For homeowners, it is unclear how changes in the Fed Funds Rate will impact mortgage rates.  Contrary to popular belief, changes in the Fed Funds Rate are not tied to changes in mortgage rates. 

This chart shows, for example, how the FFR increased more than 3.00% between 2004 and 2006 while mortgage rates only edged higher. 

Similarly, the recent drops in the Fed Funds Rate have been accompanied by only a slight reduction in mortgage rates.

Instead, mortgage rates are based on the prices of mortgage bonds and recently the demand for the bonds has been erratic.  This is why mortgage rates have been erratic, too.  As demand goes up, mortgage rates come down.  The reverse is true, too.

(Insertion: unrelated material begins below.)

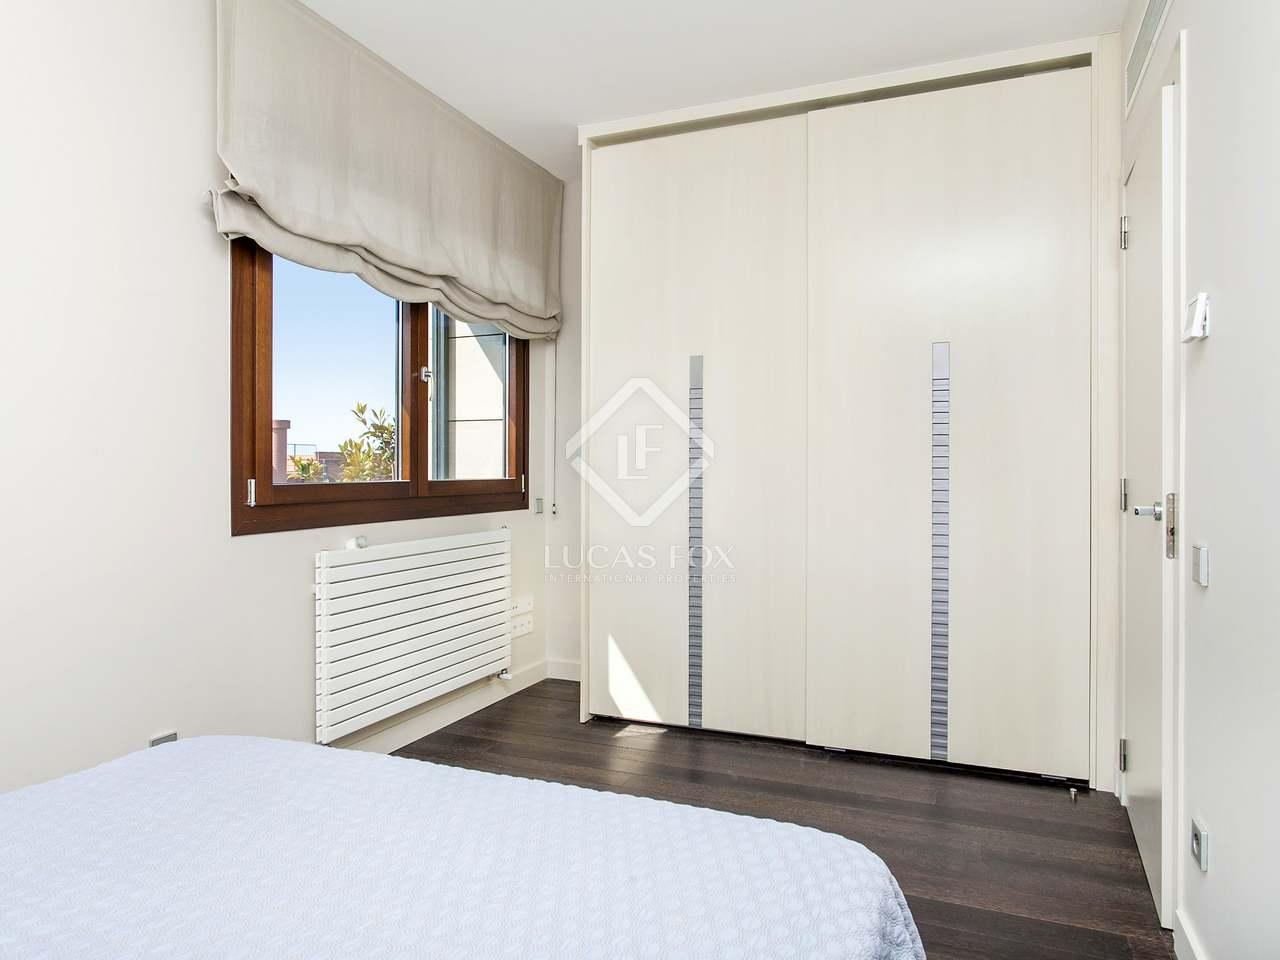 Casa de 5 dormitorios en alquiler en sarri bonanova for Casa con jardin alquiler barcelona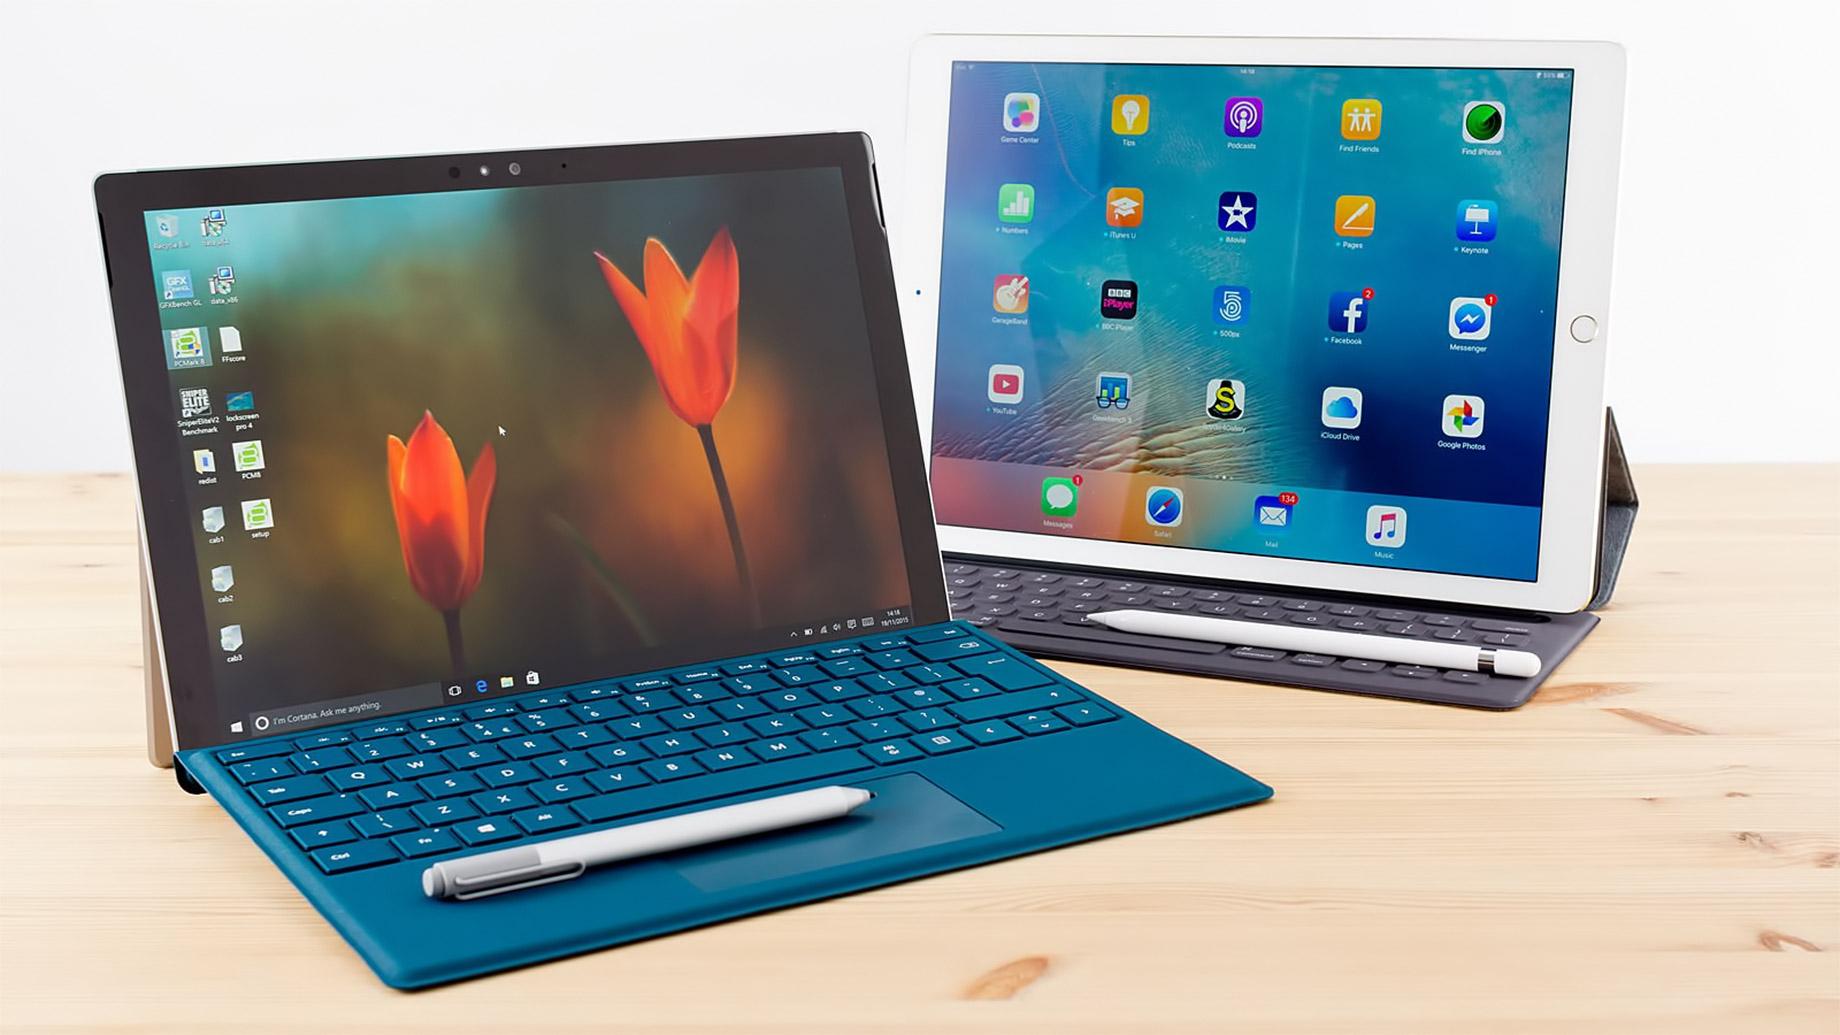 Global Wanderlust - High Tech Travel Gadgets for the World Explorer - Microsoft Surface Pro 4 - iPad Pro

This week, demand for mortgage bonds should be tied to expectations from the Fed and its December 11 meeting, and to this Friday’s employment data.  Many economists believe that the Fed will take some cues from Friday’s report so the numbers will take on added significance.

The economy is expected to have added 75,000 jobs in November, and the unemployment rate is expected to rise to 4.8%.  If the actual numbers are stronger than the estimates, expect that mortgage rates will increase in response.